Хотя столь умна в подаче намеков, как удивительно медленна она в их восприятии! Даже когда, устав от своей кошачьей игры, мистер Рочестер переходит к довольно несомненным демонстрациям привязанности — «заключая меня в свои объятия, собирая меня к своей груди, прижимая свои губы к моим губам» — Джейн не имеет представления, что он может иметь в виду. Некоторые леди сочли бы, что самое время оставить сквайра наедине с его каштановым деревом; или, во всяком случае, ненужным поддерживать тот тон высокодушевной женской тупости, который они вполне оправданы принимать, если джентльмены не хотят говорить прямо — но Джейн снова не делает ни того, ни другого. Не то чтобы мы говорили, что она была неправа, а совсем наоборот, учитывая обстоятельства дела — мистер Рочестер был ее хозяином, и «Герцогиня или ничего» было ее первым долгом — только она была не совсем так бесхитростна, как автор хотел бы, чтобы мы полагали.

Но если способ, которым она добивается приза, не является недопустимым согласно правилам искусства, то способ, которым она распоряжается им, когда он пойман, совершенно лишен авторитета или прецедента, разве что в людской. Большинство любовных игр утомительны и бессмысленны для стороннего наблюдателя, но роль, которую берет на себя Джейн, могла бы быть эффективно исполнена лишь при замене ее хозяина на Сэма. Как бы ни был груб мистер Рочестер, невольно вздрагиваешь за него под воздействием этого горничного beau idéal искусства кокетства. Еще немного, и мы отшвырнули бы книгу в сторону, чтобы она навсегда осталась среди того хлама, с которым подобные сцены ее роднят; но было бы жаль остановиться здесь, ибо дальше лежат удивительные вещи — сцены подавленного чувства, более страшные для наблюдения, чем самые неистовые торнадо страсти, — борьба с такой глубокой скорбью и страданием, что уже одно знание о том, что кто-то мог это вообразить, не говоря уже о том, чтобы пережить, вызывает мучение; и все же с той печатью истины, которая в человеческом сердце стоит выше реального опыта. Легкомысленная, третьесортная, плебейская актриса исчезла, и перед нами в реальной жизни предстает лишь благородная, высокодуховная женщина, связанная с нами реальностью своей скорби и в то же время возвышающаяся над нами силой своей воли. Если это и есть Джейн Эйр, то автор до сих пор был несправедлив к ней, а не мы.

* * * * *

Мы уже говорили, что это был портрет естественного сердца. На наш взгляд, в этом и заключается великий и вопиющий вред книги.
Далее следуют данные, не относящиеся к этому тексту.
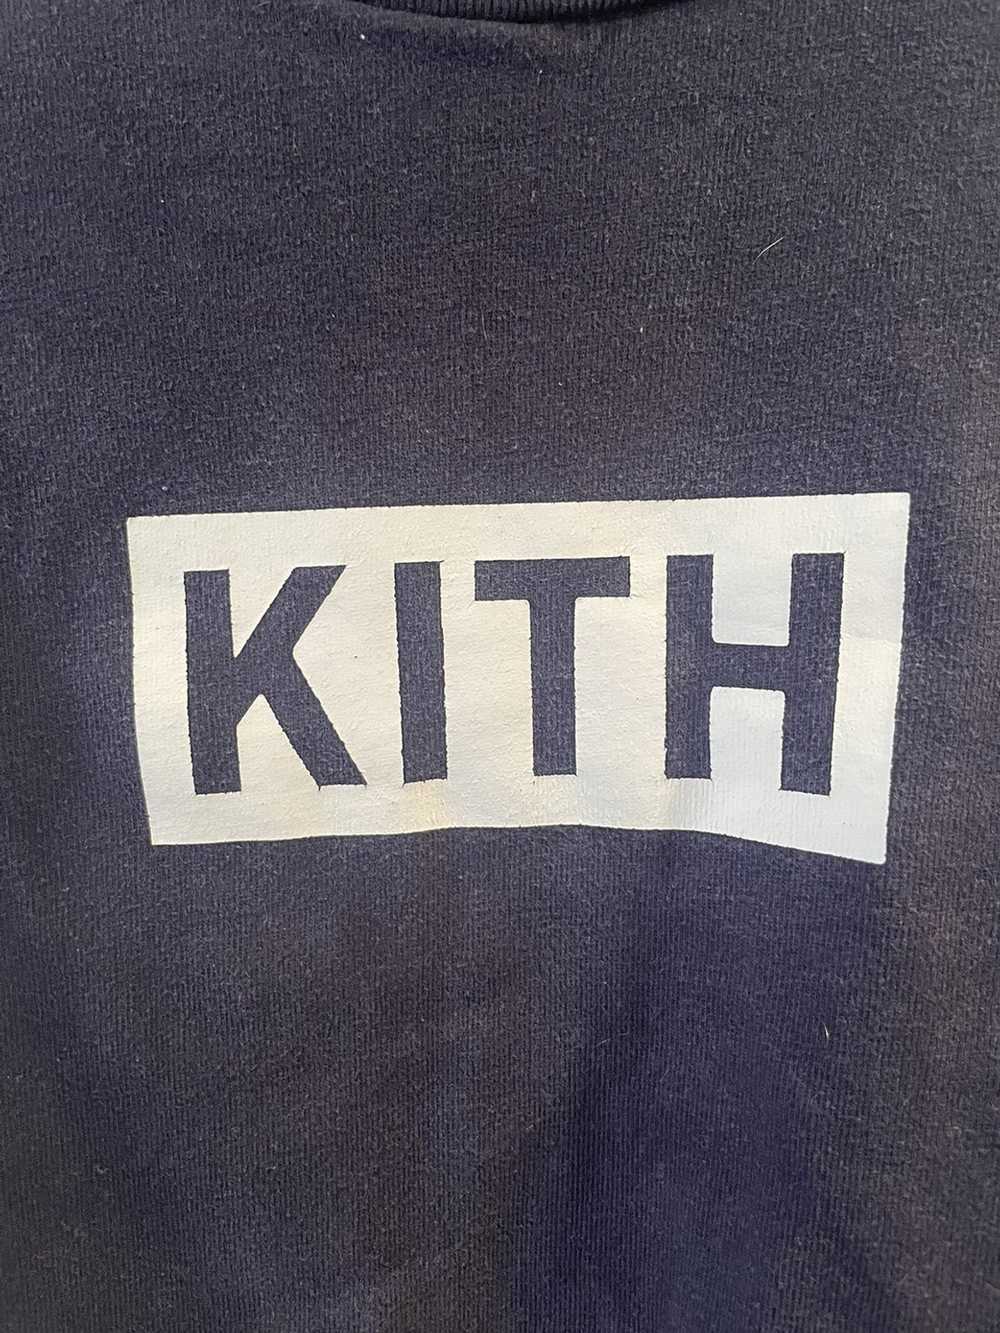 Kith Kith box logo t shirt - image 3
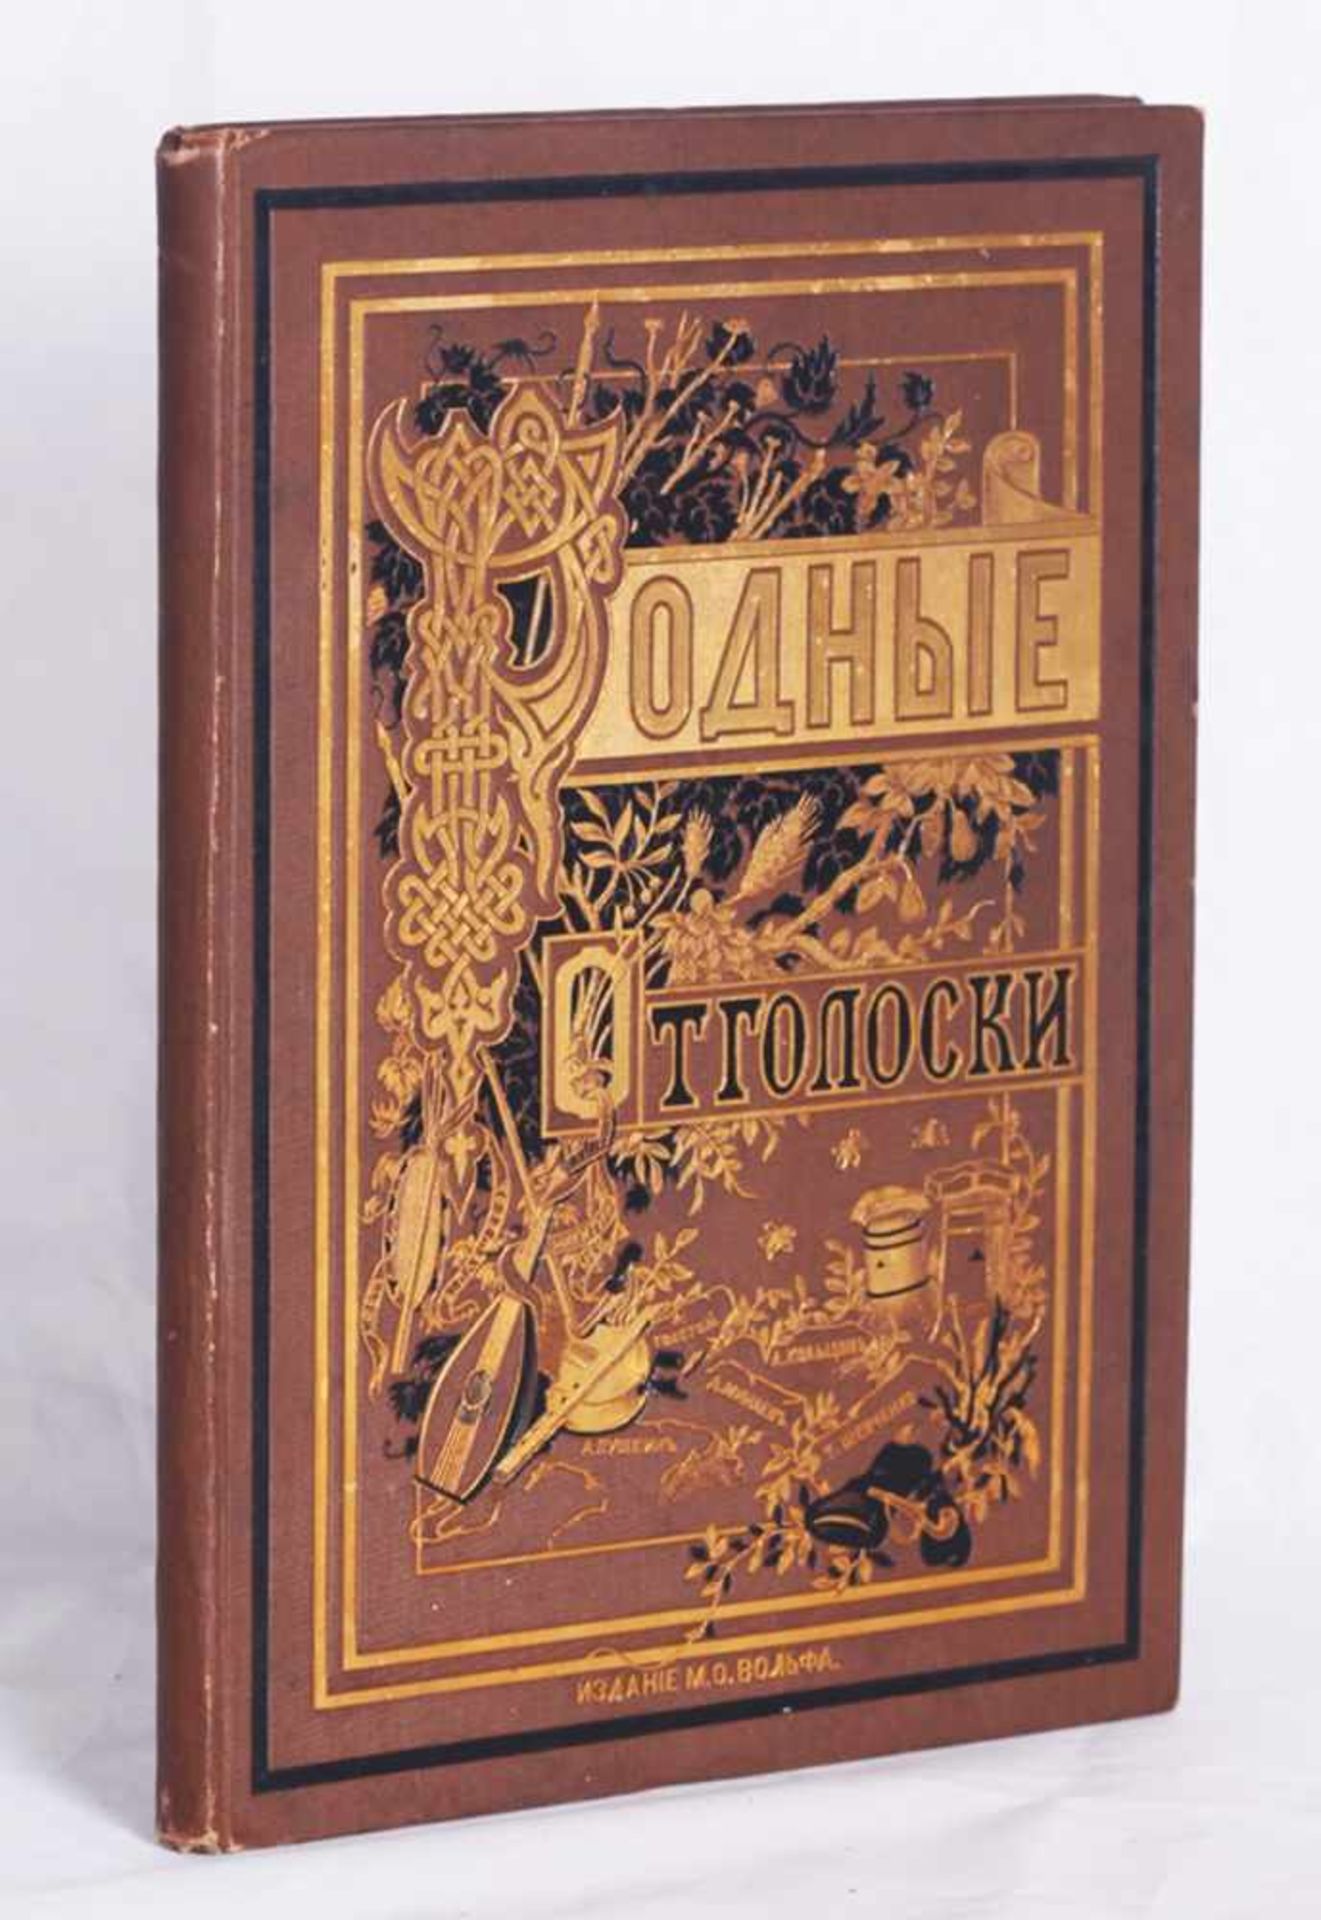 Polevoy, Pyotr. Native echoes. - Saint Petersburg: M. Wolff, 1881. - 102 pp., 28,6x21 cm.Original

Джейн Эйр — это от начала до конца олицетворение невозрожденного и недисциплинированного духа, и ее опаснее демонстрировать из-за того ореола принципиальности и самообладания, который способен ослепить глаз настолько, что он не заметит неэффективного и ненадежного фундамента, на котором она покоится. Правда, Джейн поступает правильно и проявляет большую моральную силу, но это сила чисто языческого ума, который сам себе закон. Никакой христианской благодати в ней не заметно. Она в полной мере унаследовала худший грех нашей падшей природы — грех гордыни. Джейн Эйр горда, а потому и неблагодарна. Богу было угодно сделать ее сиротой, без друзей и без гроша, — однако она не благодарит никого, и меньше всего Его, за пищу и одежду, за друзей, товарищей и наставников ее беспомощной юности, за заботу и образование, дарованные ей до тех пор, пока она не стала способна умом и годами обеспечивать себя сама. Напротив, она смотрит на все, что было для нее сделано, не только как на свое несомненное право, но и как на нечто, далеко не соответствующее ему. Учение о смирении не более чуждо ее уму, чем отвергаемо ее сердцем. Именно благодаря собственным талантам, добродетелям и мужеству она достигает вершины человеческого счастья, и, судя по собственным словам Джейн Эйр, никто не подумал бы, что она чем-то обязана Богу на небесах или человеку на земле. Она бежит от мистера Рочестера, и ей не к кому обратиться. Почему так? Превосходство нынешнего учреждения в Кастертоне, которое пришло на смену заведению в Коуэн-Бридж близ Керкби-Лонсдейла — а это, как мы слышим, и есть подлинные и реформированные Ловуды из книги, — довольно широко известно. Джейн прожила там восемь лет со 110 девочками и пятнадцатью учительницами. Почему она не завела среди них дружбы? Другие сироты покидали это и подобные учреждения, обретая друзей на всю жизнь и имея на выбор дома, куда можно было вернуться. Как же вышло, что Джейн не приобрела ни того, ни другого? Среди такого количества сверстниц наверняка были исключения из того, что она так самонадеянно клеймит как «общество низших умов». Конечно, автору было выгодно представить героиню совершенно лишенной обычных средств помощи, чтобы показать как ее испытания, так и ее способность к самообеспечению — на этом допущении строится вся книга, — но оно, при данных обстоятельствах, весьма неестественно и весьма несправедливо.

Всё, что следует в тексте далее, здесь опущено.